Nowadays I don’t really get any joy‒anticipatory, actual, reflective, or whatever‒from much of anything, let alone from my quite limited periods of sleep. I’ve been having more and more trouble even finding books that I have any pleasure reading. Even non-fiction, now, has become difficult. I have well over 400 volumes in my Kindle library, and I am dismayed to feel that there’s nothing there that I want to read. And when I go to Amazon to look for new books on subjects that I have previously enjoyed, there’s just what seems like recommendations from the dusty, dingy, tiny little book aisle of an old K-Mart whose manager doesn’t read nor understand people who do.
I’ve long known that I’m not a very good match for the algorithms of places like Amazon or Netflix. They never have done a good job at finding things to show me that I want to read or watch. This is despite my having bought those hundreds of books on Amazon. Netflix is worse, or else they just don’t have many things in their library in which I have any interest.
To be fair to Amazon, the last time I went into a beautiful, two-story Barnes and Noble, in which I spent over an hour looking around, I left without buying a single book (or anything else).
YouTube does a slightly better job. It even introduced me to the nature (and possibility) of Asperger’s Syndrome via the inscrutable exhortations of its algorithm. But either that algorithm has degenerated or I’ve chewed through most of the material in which I have any potential interest, but In any case, I’m getting diminishing returns from YouTube.
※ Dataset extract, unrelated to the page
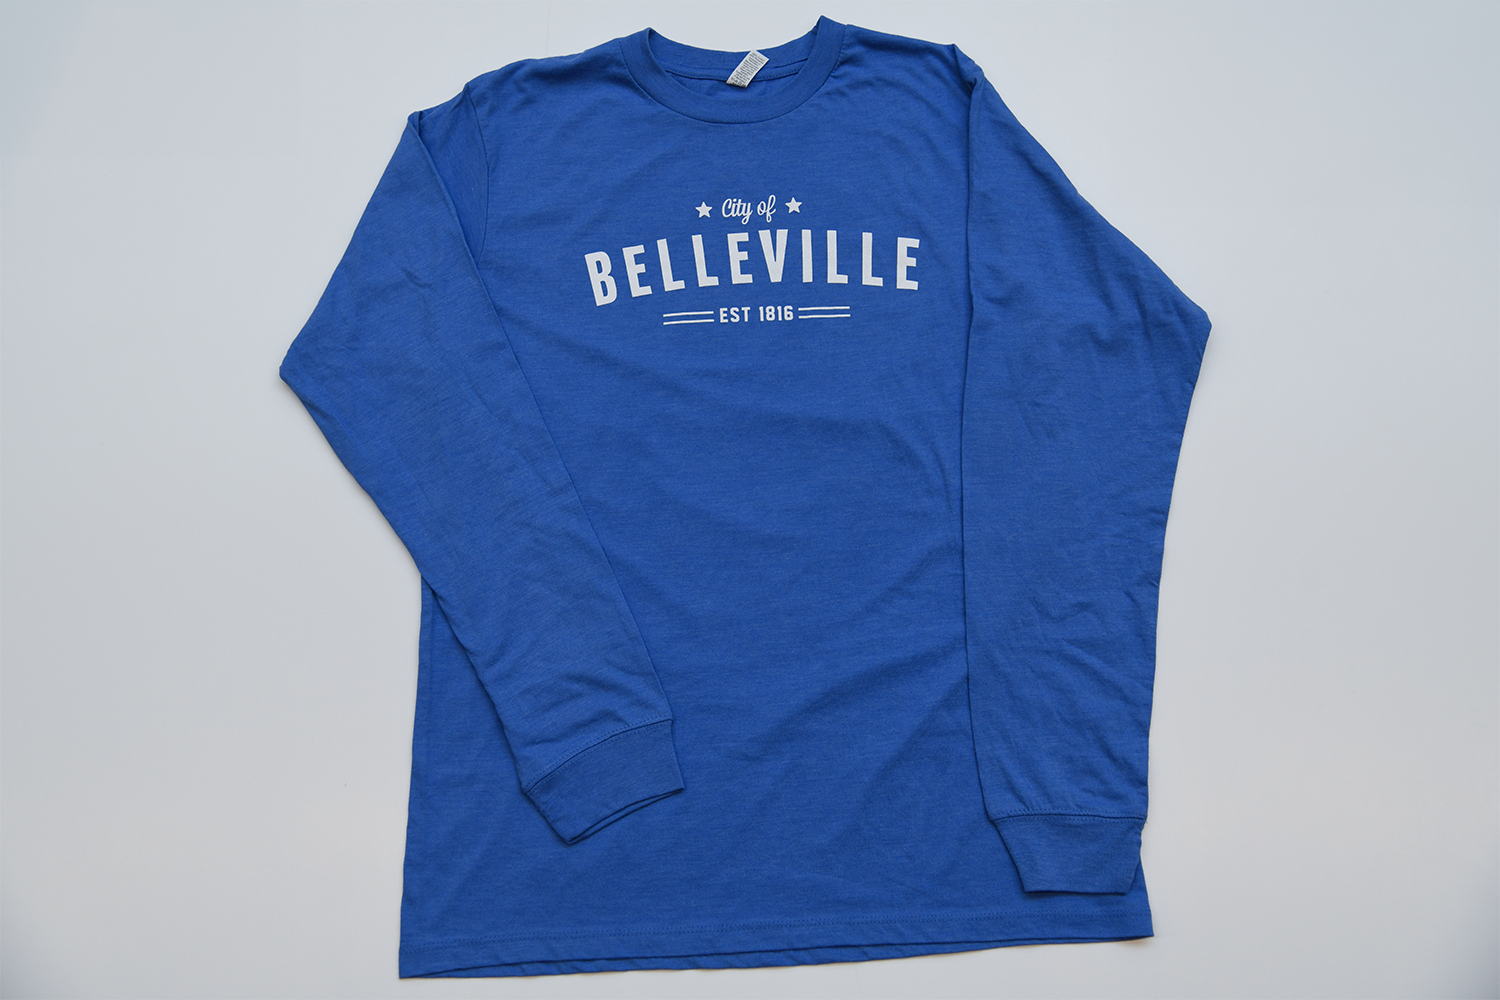 Blue long-sleeve City of Belleville t-shirt.

And now that the BBC has canceled Mock the Week, I don’t even have new clips from that to enjoy. Even I can only go through comedy panel show clips a finite number of times before I lose interest. And they keep offering me the same two compilation videos over and over, no matter how many others I know exist, because I have watched them all.
There are certainly inefficiencies and errors in their algorithms or deep learning systems or shallow learning systems or whatever the fuck** they’re using. But a lot of it is probably a problem*** with me. I’ve always had peculiar tastes relative to most of the people around me, and I think that’s gotten to be more the case as time has progressed, which is what time tends to do.
Mind you, if I’m with someone I like or love and doing something they enjoy, I can enjoy it with them, and indeed, I’ve always had a fairly broad ability to do so. But those days are past, now, as I have no one I like or love around me, and I don’t really have a desire to find any new such people. It’s just not worth the effort‒the return on such speculative investment is quite low, and the inevitable long term cost and injury is almost always severe. I don’t have to walk across a hot stove too many times before I just stop walking on the stupid stoves.
So, I’m corralled into a seemingly increasing region of anhedonia****. It would be a rather pleasing irony if someone could get real joy from sharing their thoughts and experiences about and with anhedonia. That seems unlikely to happen to me, though. Therefore, I’m going to call it done for today and for this week.
I hope you all have a nice weekend.
*That’s far from the only way I’m stupid. Like all other finite beings (which is all beings as far as I know) I am infinitely stupid, in the sense that there is a functionally limitless amount of information and understanding that I do not have.
**Note to all autocorrection people: I rarely discuss any member of the family Anatidae. I am, however, inclined to using profanity to express things more grittily than by “ordinary” words. There is neurological research pointing toward the idea that this is legitimately different in the effect it has on the one swearing and the one hearing (or reading) the swearing. Why do you think people with Tourette’s syndrome sometimes have coprolalia? There are, to my knowledge, very few tics where someone involuntarily shouts out, for instance, “She loves you, yeah, yeah, yeah”. Unless that were to mean something profane in their society. Someone with OCD might do so, but that’s a different kind of disorder.
***Reminder to self: look up the etymology of probably and problem. In what specific ways are the words related? Do they come from the same roots?
****Are there any fictional characters called Anne Hedonia or similar? There really ought to be.